Огненная царица — страница 30 из 52

Мы идем умирать, я и он, мы оба идем на казнь. Но я иду трепеща и торжествуя, а он – обреченно. О, это страшно – умирать. Ли́су умирать гораздо страшнее, чем человеку. Человек помнит, что он смертен, хоть и не верит в это. Лис же не думает о смерти, впереди у него – немыслимое количество времени. И когда он узнаёт, что сегодня умрет, чувство это не сравнить ни с чем. О том, что чувствует перед смертью человек, знают все, потому что люди перед смертью оставляли потомкам свои записки. О том, что чувствует умирающий лис, не знает никто, кроме него самого. У нас есть кодекс, по которому лис, уходя, не оставляет после себя ничего. И уж, конечно, никаких воспоминаний, записок и мыслей – все это слишком опасно, если попадет в руки людей, и еще опаснее, если попадет в руки других хули-цзин.
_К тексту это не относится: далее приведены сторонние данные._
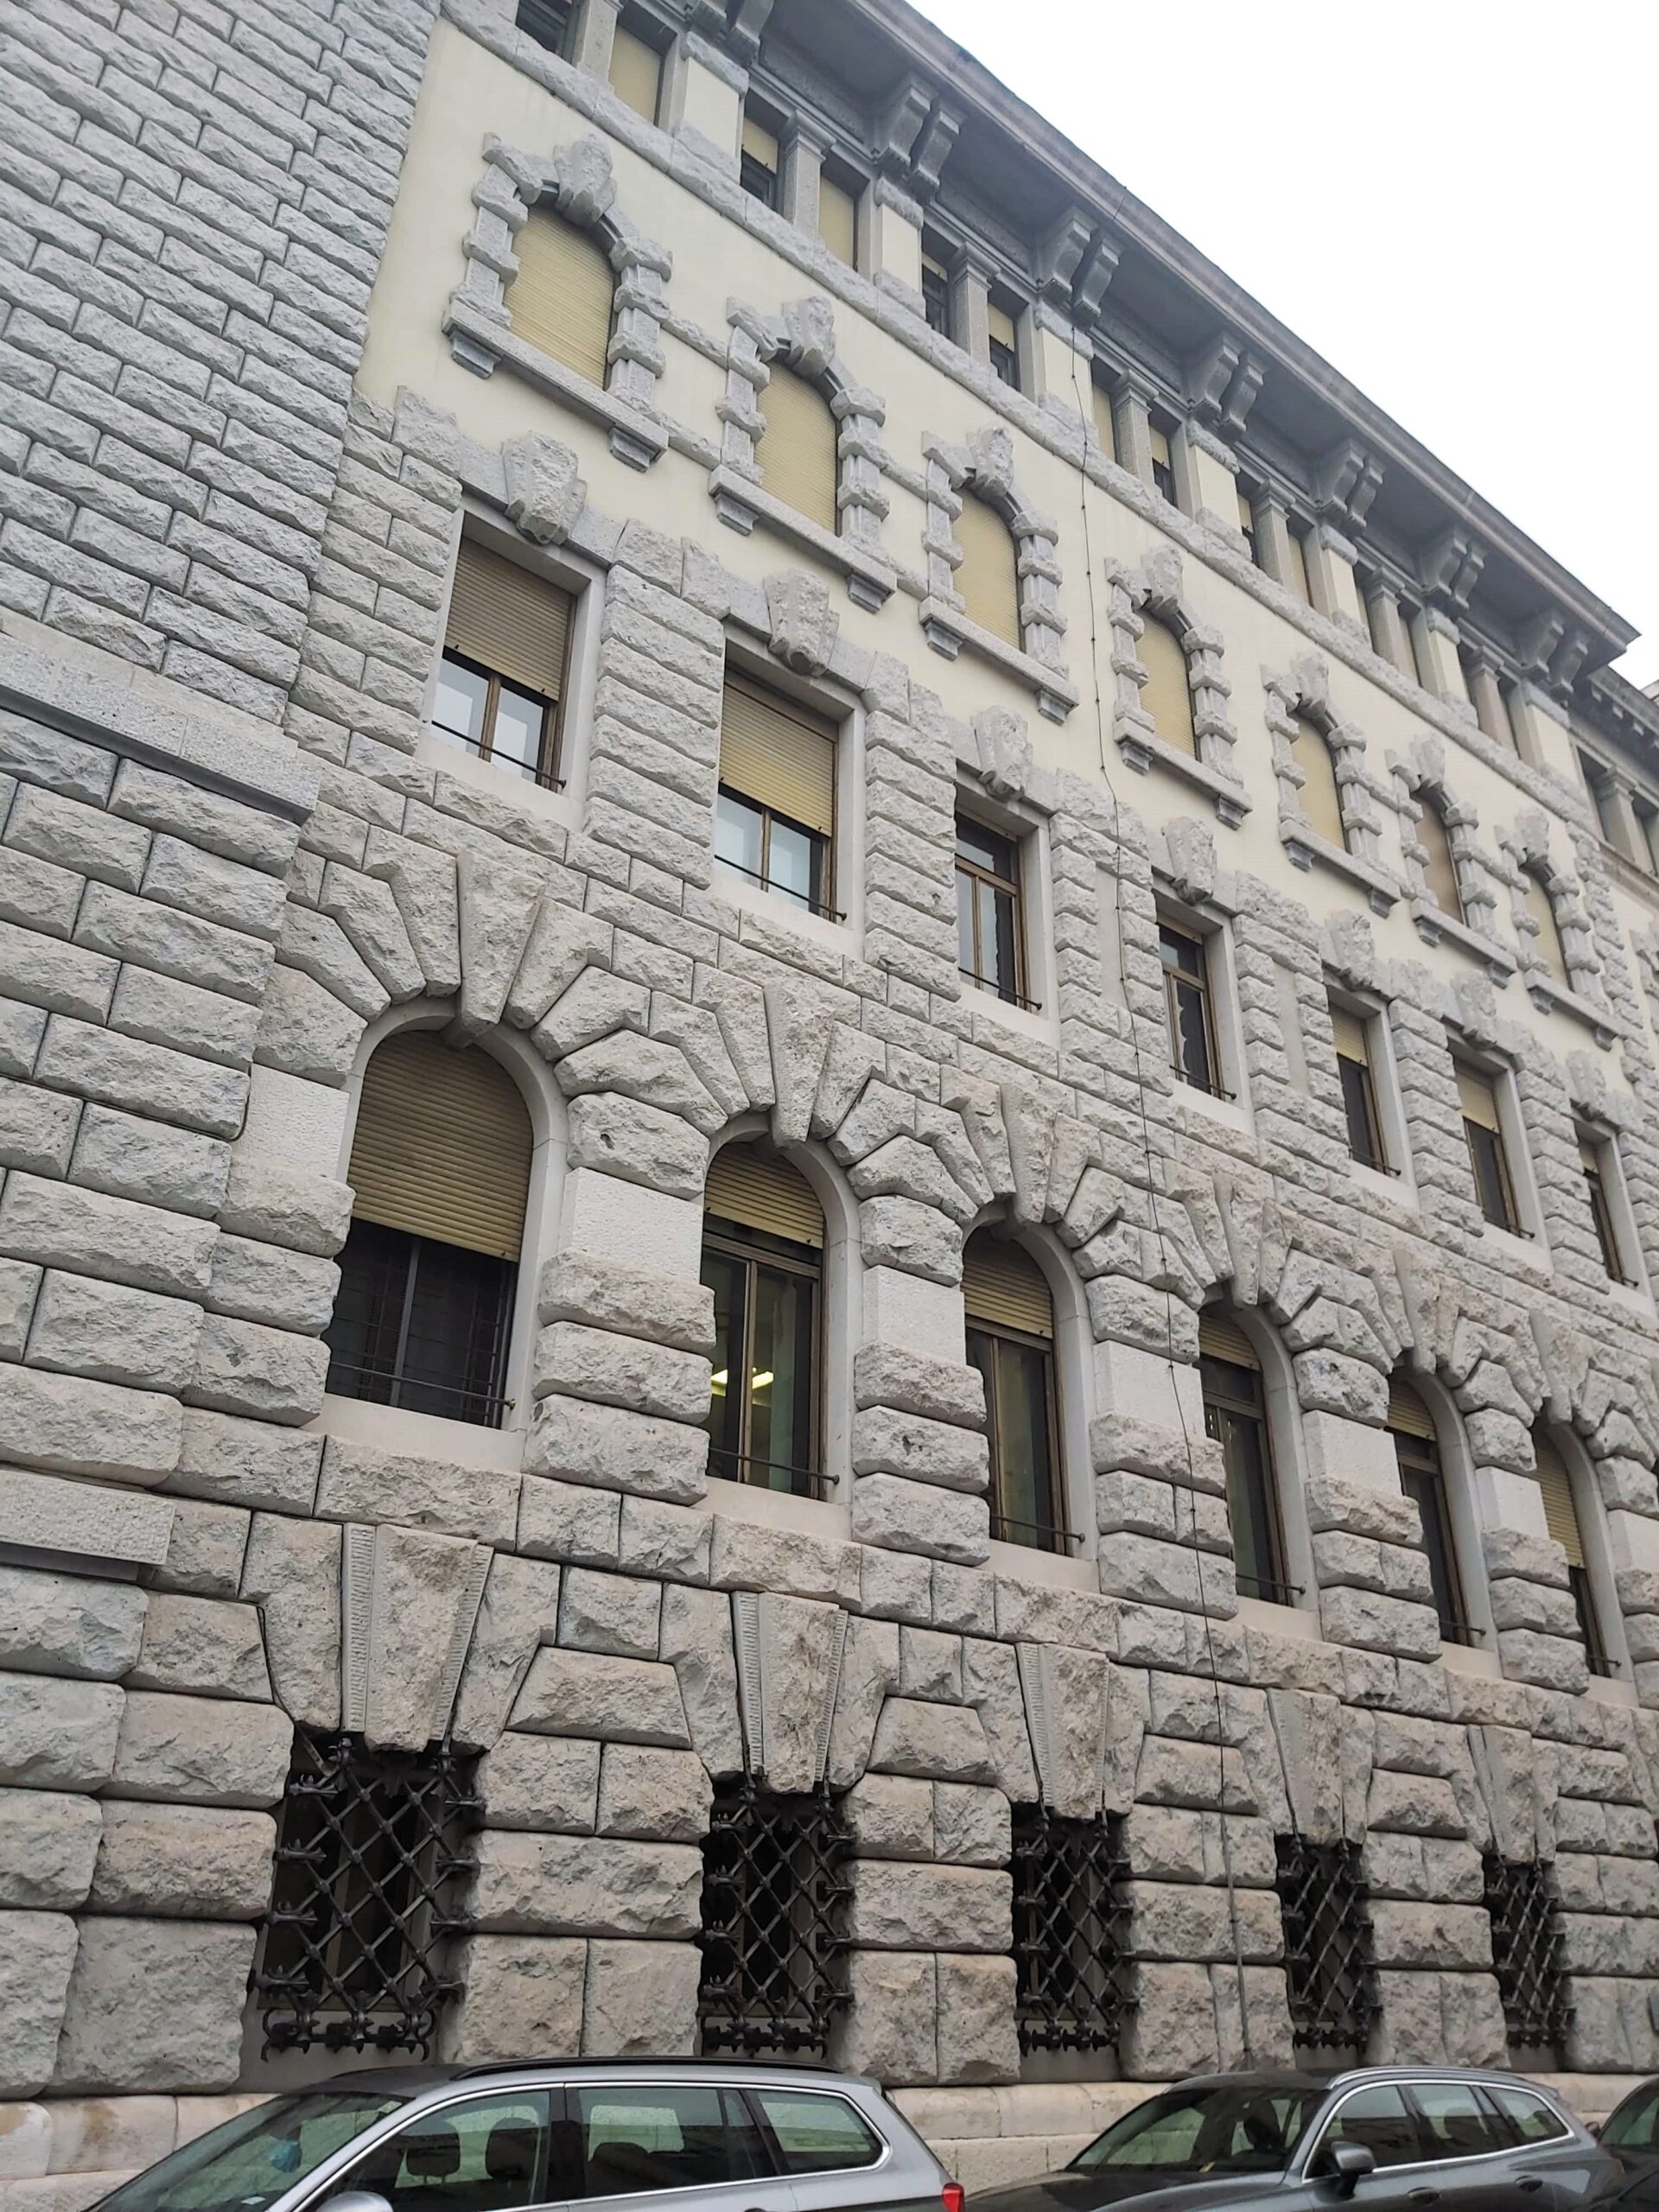 The fancy facade of a stone building in Trieste, Italy

Мне жаль брата. В том, что он сегодня умрет, есть и моя вина.

Тот день, когда огромный грузовик ударил в машину учителя Тая, был лучшим днем в жизни Юнвэя. Это был день его гордости, его торжества, его превосходства над всеми прочими. Учитель Тай был повержен. Его мощь, его талант, его судьба не устояли перед дьявольскими кознями моего брата. За это можно было требовать у царицы все, что угодно.

И я знала, чего потребует брат. Немудрено догадаться, хотя для большинства лис сама мысль об этом была бы кощунством. Но Юнвэй так горд и непреклонен, он так верит в свою звезду, что для него нет границ.

Юнвэй, убивший учителя Тая, собирался попросить у царицы ночь. Это была очень старая традиция, о ней почти забыли, но она существовала и была узаконена.

О, это была очень коварная традиция, именно поэтому о ней не вспоминали столетиями. Если бы Юнвэй пришелся царице не по душе, ночь эта могла стать последней в его жизни. Но он верил в себя, он не сомневался, что сможет понравиться Хоху. Бедный брат, такой гордый, одаренный – и такой глупый!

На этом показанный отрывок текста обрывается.